Cohen diz, porém, que não existirá regra firme para os profissionais com mais de 60 anos. “Isso precisa ser customizado, não existe fórmula para todos que estão na faixa de risco”, comenta, destacando que há risco inerentes a qualquer processo.
Nos bancos de reservas, os protocolos da CBF e das federações estaduais indicam que os técnicos vão ter de usar máscaras, assim como os profissionais que não estiverem em campo. “Todos serão orientados a
usar máscara, com exceção de quem estiver no gramado: atletas, árbitros e assistentes”, diz Jorge Pagura, presidente da comissão de médicos da CBF.
“Eventualmente, ele poderá usar uma máscara em cada tempo”, acrescenta, sobre um cenário que parece não incomodar os treinadores. “Não seria um problema. É uma medida de segurança, vale para evitar o risco. É a mesma coisa para uso de luvas”, afirma o técnico Geninho.
É provável que exista uma orientação para que profissionais dos grupos de risco não se exponham ao trabalho, incluindo
jogos, no início da retomada das competições, ainda mais que a liberação da volta à rotina será gradual nas diferentes áreas de trabalho da sociedade.
No futebol, isso deve deixar profissionais como preparadores físicos, massagistas e auxiliares com mais de 60 anos fora do banco de reservas. A questão para os treinadores é que eles são profissionais “únicos”, quase insubstituíveis, o que deverá forçá-los a estar à beira do campo. “Esses não têm jeito e precisamos olhar com mais carinho e cuidado”, reconhece Cohen.
O cenário também se complica nos casos de viagens.
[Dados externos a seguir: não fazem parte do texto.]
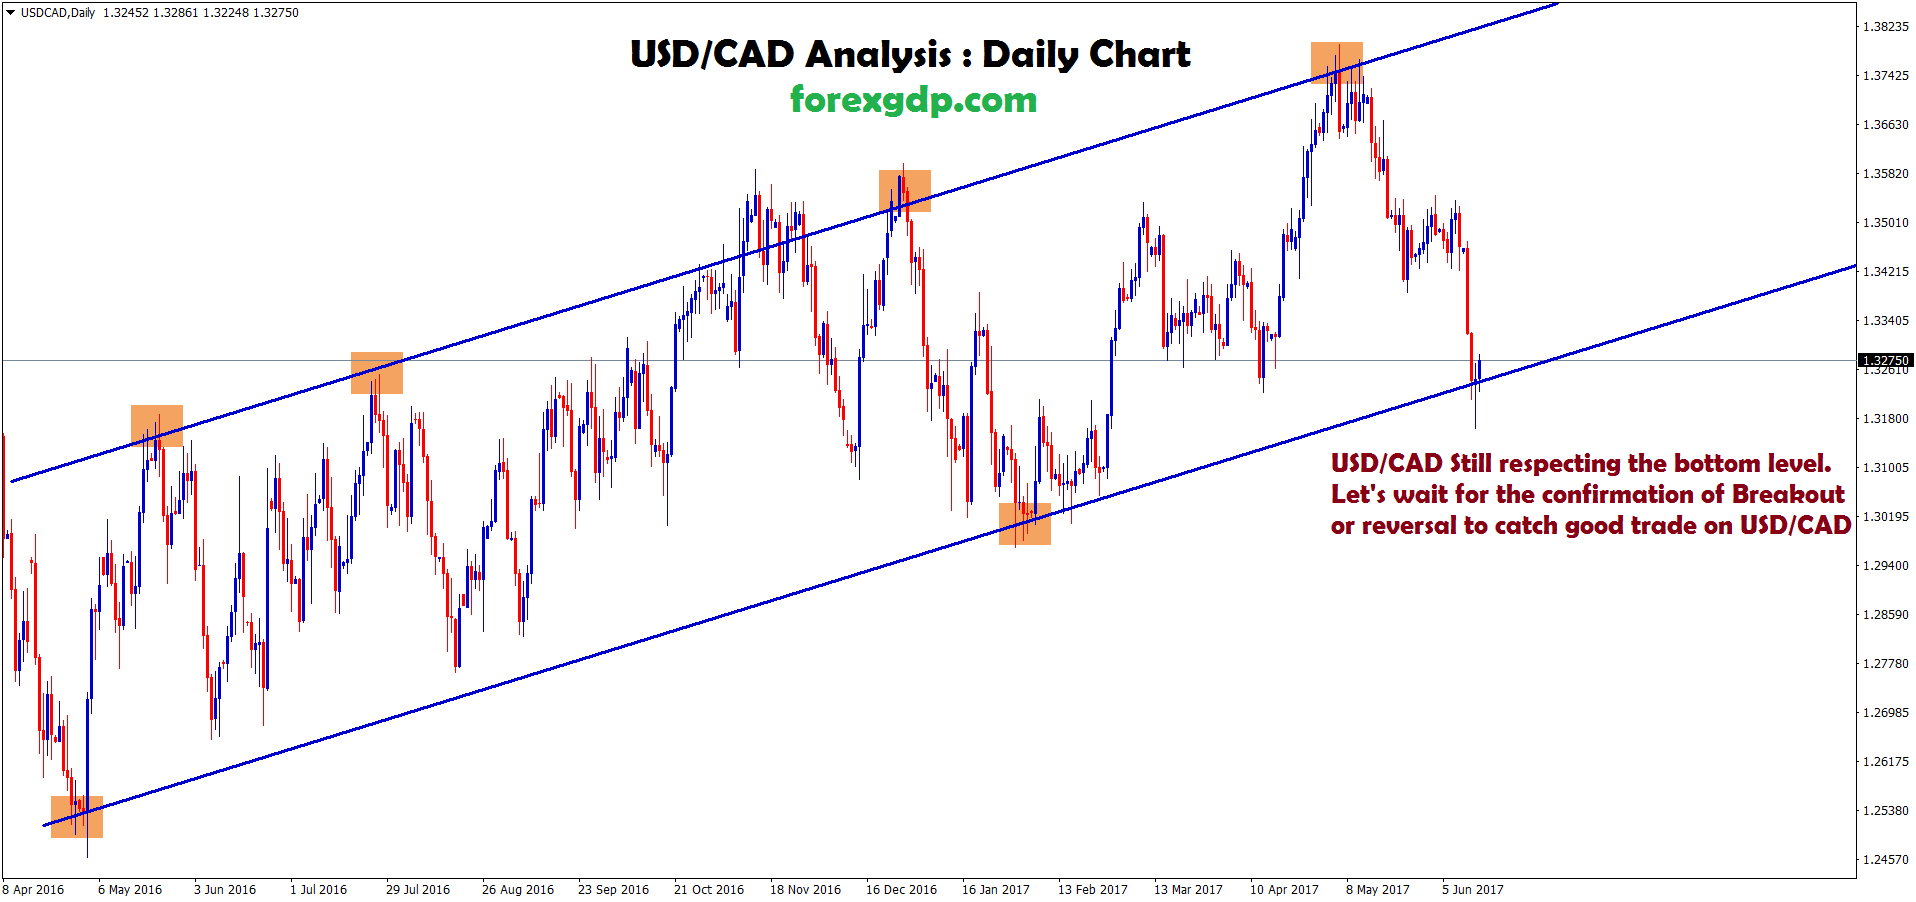 USDCAD still respecting the support level of trend line

É possível que haja a recomendação de que profissionais do grupo de risco não façam deslocamentos, especialmente os aéreos, o que deverá ser avaliado a partir do cenário de contaminação de cada cidade. Assim, o trabalho com os times poderia ser remoto. “Dependerá da epidemiologia local, das autoridades do município. Não está liberado? Então vai trabalhar por vídeo. A proibição não é nossa, é dos órgãos de saúde”, destaca Pagura, ressaltando que as decisões dependem do relaxamento ou não das medidas de isolamento.
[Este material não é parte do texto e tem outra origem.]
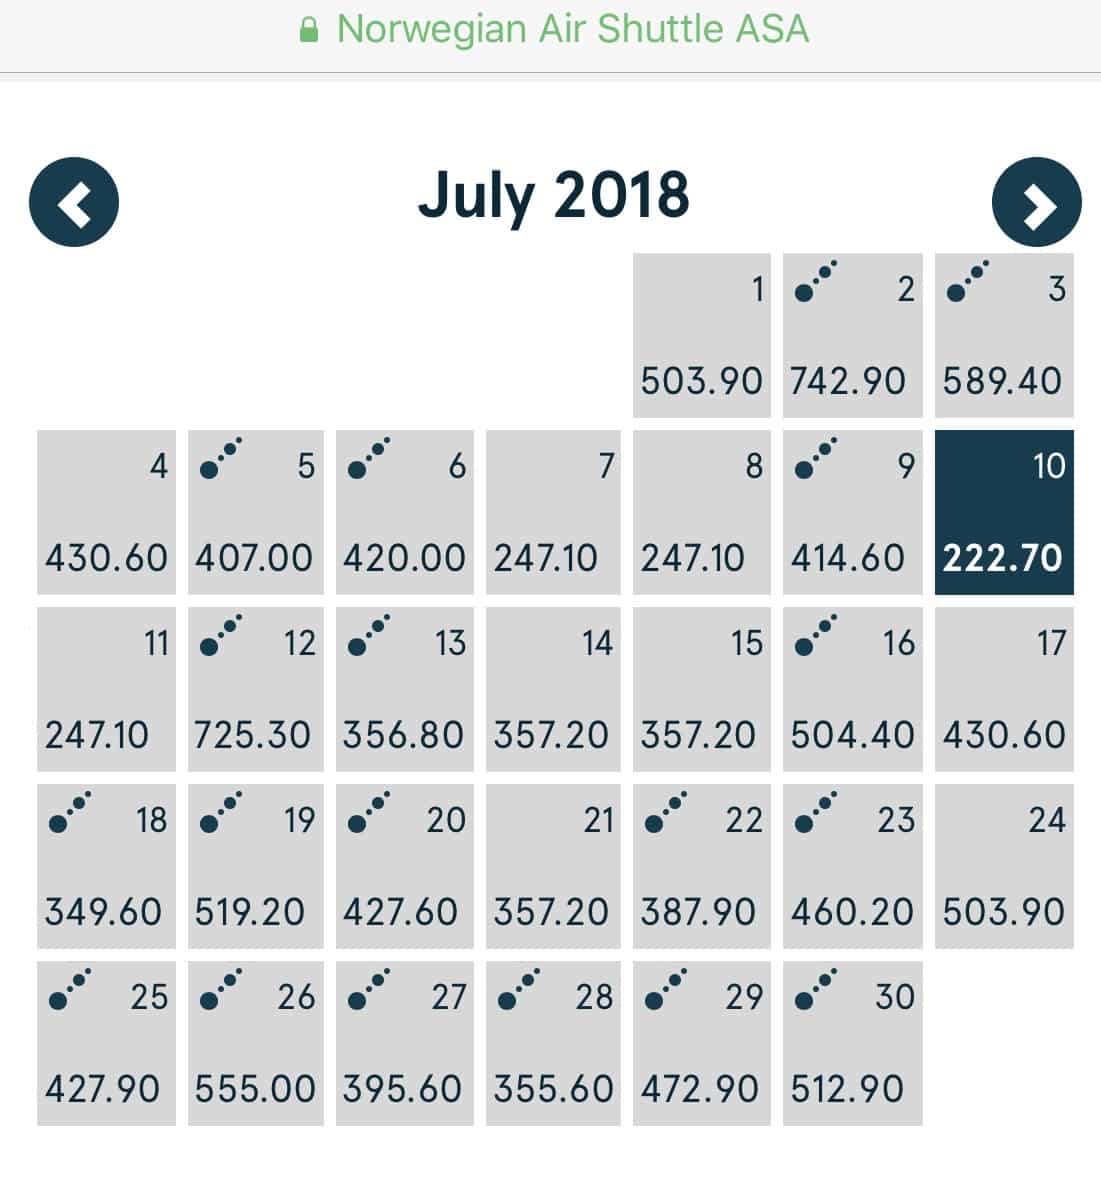 How much you need to spend to fly to new York for a week

Mas enquanto a volta do futebol parece um cenário distante, os treinadores aguardam – e trabalham remotamente. Afinal, dos principais clubes do futebol
nacional, apenas Grêmio e Internacional colocaram seus jogadores em campo para treinos, e ainda assim com uma série de restrições nos CTs.
Já os técnicos vêm atuando no planejamento de um futuro, hoje, imprevisível, e se resguardam em casa. É o caso de Geninho, que faz reuniões virtuais com dirigentes e membros de sua comissão no Vitória enquanto segue as medidas de isolamento social na sua residência em Santos. Além disso, prepara
vídeos com instruções táticas para mostrar as jogadores.
“Vão precisar do treinador em campo quando estiver muito próximo da volta, com a realização de trabalhos coletivos. Será na hora que for reunir todo mundo, perto dos jogos”, prevê, apontando que não há necessidade de se expor no reinício das atividades, concentrados nos preparadores físicos, fisiologistas e fisioterapeutas.
Também inserido no grupo de risco, por ter 67 anos, Vanderlei Luxemburgo destaca que a preocupação deveria estar longe de ser apenas com os idosos. “Têm morrido bebês, jovens, tem morrido todo mundo. Pessoal de risco somos todos. O vírus não está aliviando ninguém. Um jovem com doença preexistente é grupo de risco. Não pode estar preocupado só com a gente (de mais de 60 anos). Hoje todo mundo tem de estar preocupado, porque todo mundo pode ser contaminado”, alerta o treinador do Palmeiras.
Mas, ainda que temerosos no cenário inédito, os técnicos torcem pelo retorno do futebol, com saudade da rotina enquanto passam por esse período de reclusão. “Todo mundo vai voltar com um pé atrás”, admite Geninho. “Estou nesse meio há tempo, sonhei com isso, a gente sente falta da rotina, que é ativa”, diz o técnico do Vitória.